Understanding Stress
For many, stress is just a normal part of a busy work schedule. Even though stress is becoming routine, it is self destructive in numerous ways. Studies reveal that stress causes deterioration in everything from your heart to your gums, and can make you more susceptible to everything from a common cold to cancer. One of the main culprits in the stress-illness connection is the hormone cortisol - though it plays a necessary role in helping us cope with acute or short-term threats. When an animal perceives danger, the body triggers a chain reaction of signals to release various hormones, like epinephrine (adrenaline), nor-epinephrine, and cortisol, from the adrenal glands. These hormones boost heart rate, increase respiration and increase the availability of glucose in the blood, thus enabling the "fight or flight" response. Because this response requires a great deal of energy, cortisol tells other taxing physical processes like digestion, reproduction, physical growth, and the immune system - to slow down or shut down altogether.
Problems arise when stresses don't let up or when, for various reasons, the brain continually perceives stress even if it isn't really there. Continued stress can actually bias the brain to perceive more danger by altering brain structures such as those which govern the perception and response to threat. Prolonged cortisol exposure inhibits the growth of new neurons and can lead to increased growth of the amygdala, the brain region responsible for controlling fear and emotional responses. Too much stress and you begin to forget you're stressed out.
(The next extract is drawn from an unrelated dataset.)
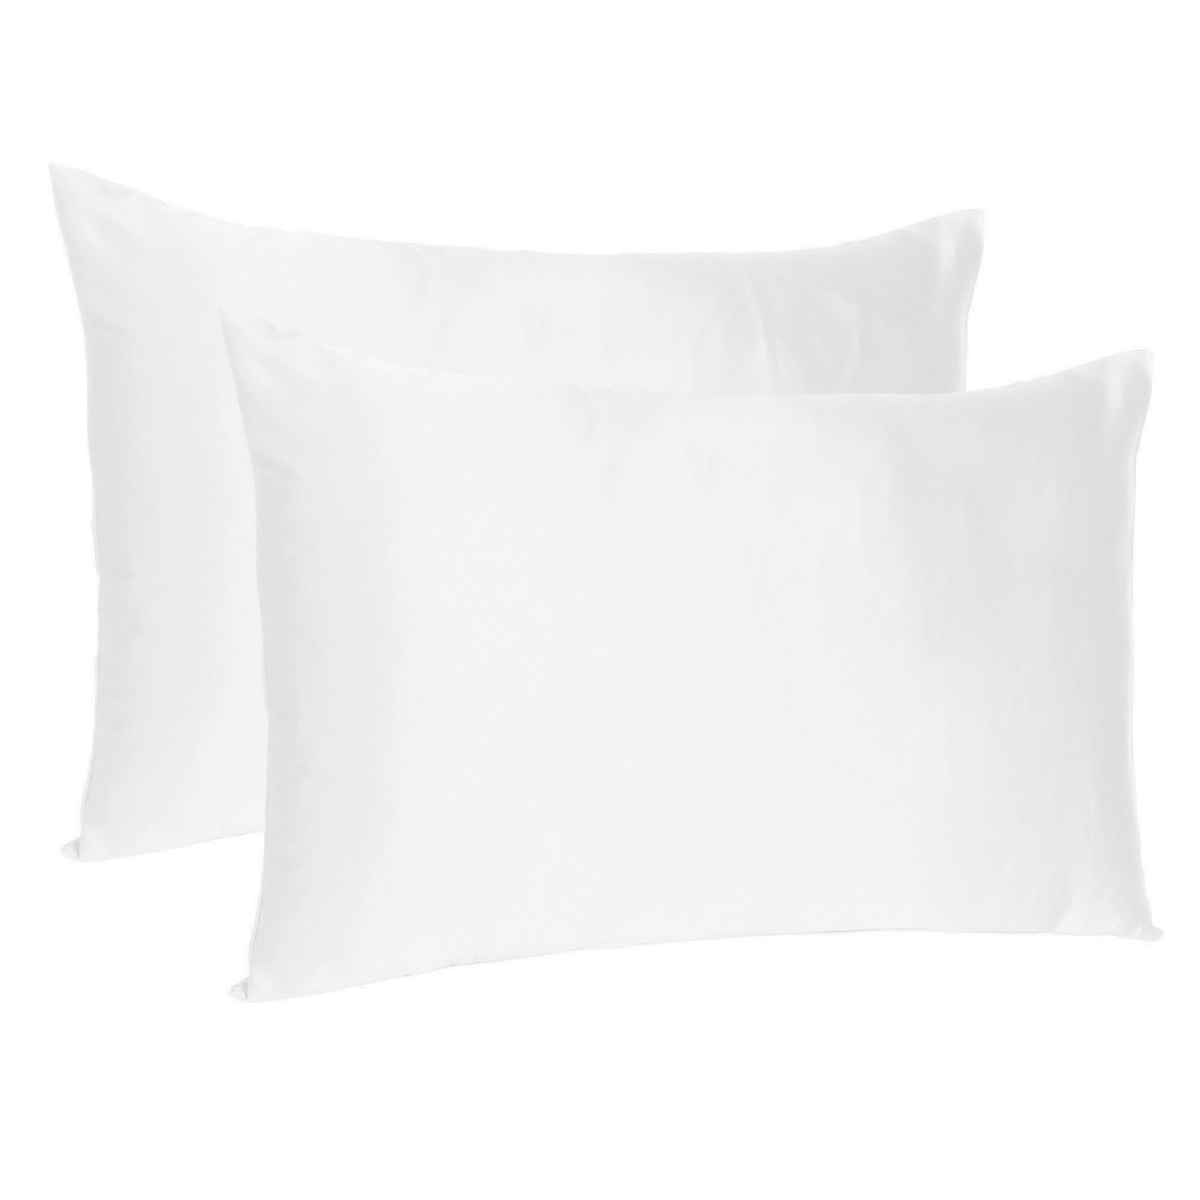 Gfancy Fixtures 20 x 40 in. White Dreamy Silky Satin King Size Pillowcases

When we think of stress, we might typically think of life crises like abuse, illness, divorce, grieving, or losing a job. However, it is now known that smaller, constant, annoying problems like traffic, workplace politics, noisy neighbors, and long lines also add up and can have a negative impact on our well-being. Stress is directly related to coronary heart disease and, since the 1950's, the direct stress-cardiac link has been well documented by many studies. One study found men who face chronic stresses at work or at home had a 30 percent higher chance of dying over the course of a nine-year study. Stress also appears to have a self-perpetuating effect with both depression and heart disease being related to stress, as well as contributing to it.
Scientists continue to explore the dangers behind the "perpetual stress" of modern life and it's connection to the declining health of the general population.